In this section, we use cross validation to determine the optimal parameters for DMRF, MRF(b), BRF(b), and Denil14(b) on various classification and regression datasets. For all models, set \(q \in \{ 0.2,0.4,1 - 1/e,0.8\}\). For DMRF and MRF(b), set \(B_{1}\), \(B_{2} \in \{ 2,5,8,10\}\),\(p \in \{ 0.1,0.3,0.5,0.8\}\). For BRF(b), set \(p_{1} ,p_{2} \in \{ 0.01,0.05,0.35,0.65\}\). For Denil14(b), set \(\lambda \in \{ 1,5,10,15\}\), \(m \in \{ 50,100,200,500\}\).

In both classification and regression, comparing the performance of DMRF with MRF(b), BRF(b), and Denil14(b) under the optimal parameters, it can be seen from the Table 6 (The bold fonts in Table 6 show the models that work best) that DMRF outperforms the other models. Compared to the MRF(b), DMRF shows improvements in performance. The reason can be analyzed as follows: Although MRF(b) uses the softmax function to convert features and feature importance into probabilities and samples splitting points using a multinomial distribution, it considers the entire feature space. The higher the importance of a feature or feature value, the higher its probability. Additionally, the softmax function amplifies the differences between features or feature values. Therefore, the probability of sampling the optimal feature and optimal feature value remains the highest. This can be considered as a weakened version of optimal splits in the full feature space.

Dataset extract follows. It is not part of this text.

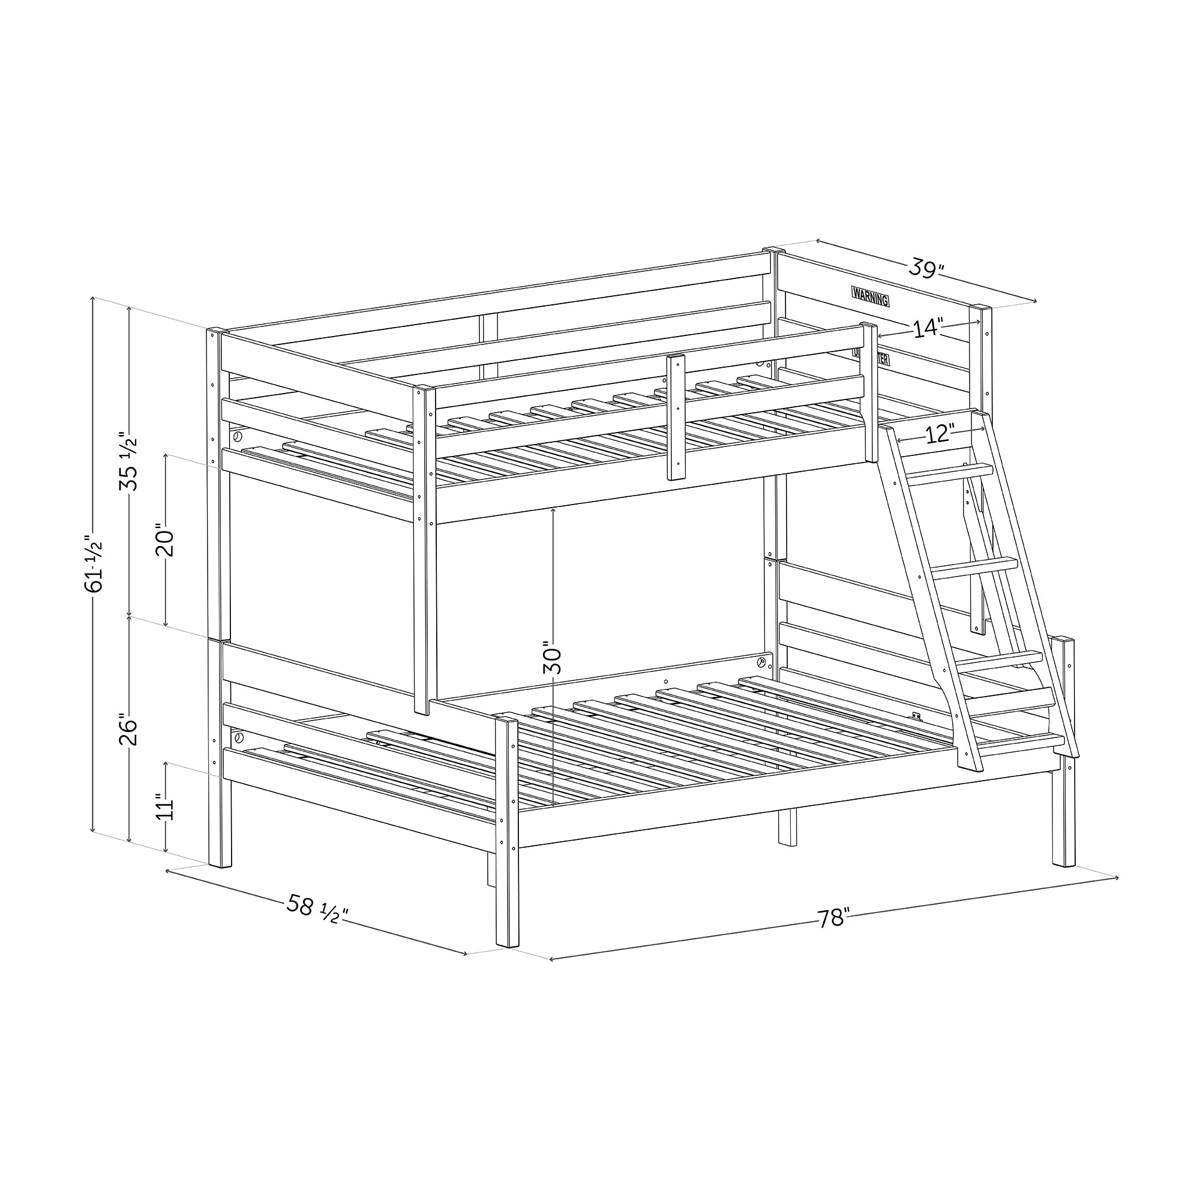 South Shore Fakto Matte Black Twin On Full Wood Bunk Bed

Although this approach improves performance, it reduces the diversity among trees.

Table 6 Results of cross-validation of different RFs

On the other hand, DMRF selects optimal splits in the feature subspace based on probabilities and performs multinomial distribution sampling, which increases the diversity among trees and thus improves performance (Table 7).

Table 7 Computational complexity of RFs

Computational complexity analysis

Assume that the data set has \(n\) samples and \(D\) features, we prepare to build \(M\) trees. The complexity of random sampling is not considered below.

The best case for tree construction is complete balanced growth, in this case, the depth of the tree is \({\mathcal{O}}(\log n)\). All samples of each layer of DMRF are involved in the calculation, and the number of features calculated is \(\sqrt D\). Therefore, the complexity of building a DMRF tree is \({\mathcal{O}}(\sqrt D n\log n)\), so the complexity of DMRF is \({\mathcal{O}}\left( {\sqrt D nM\log n} \right)\).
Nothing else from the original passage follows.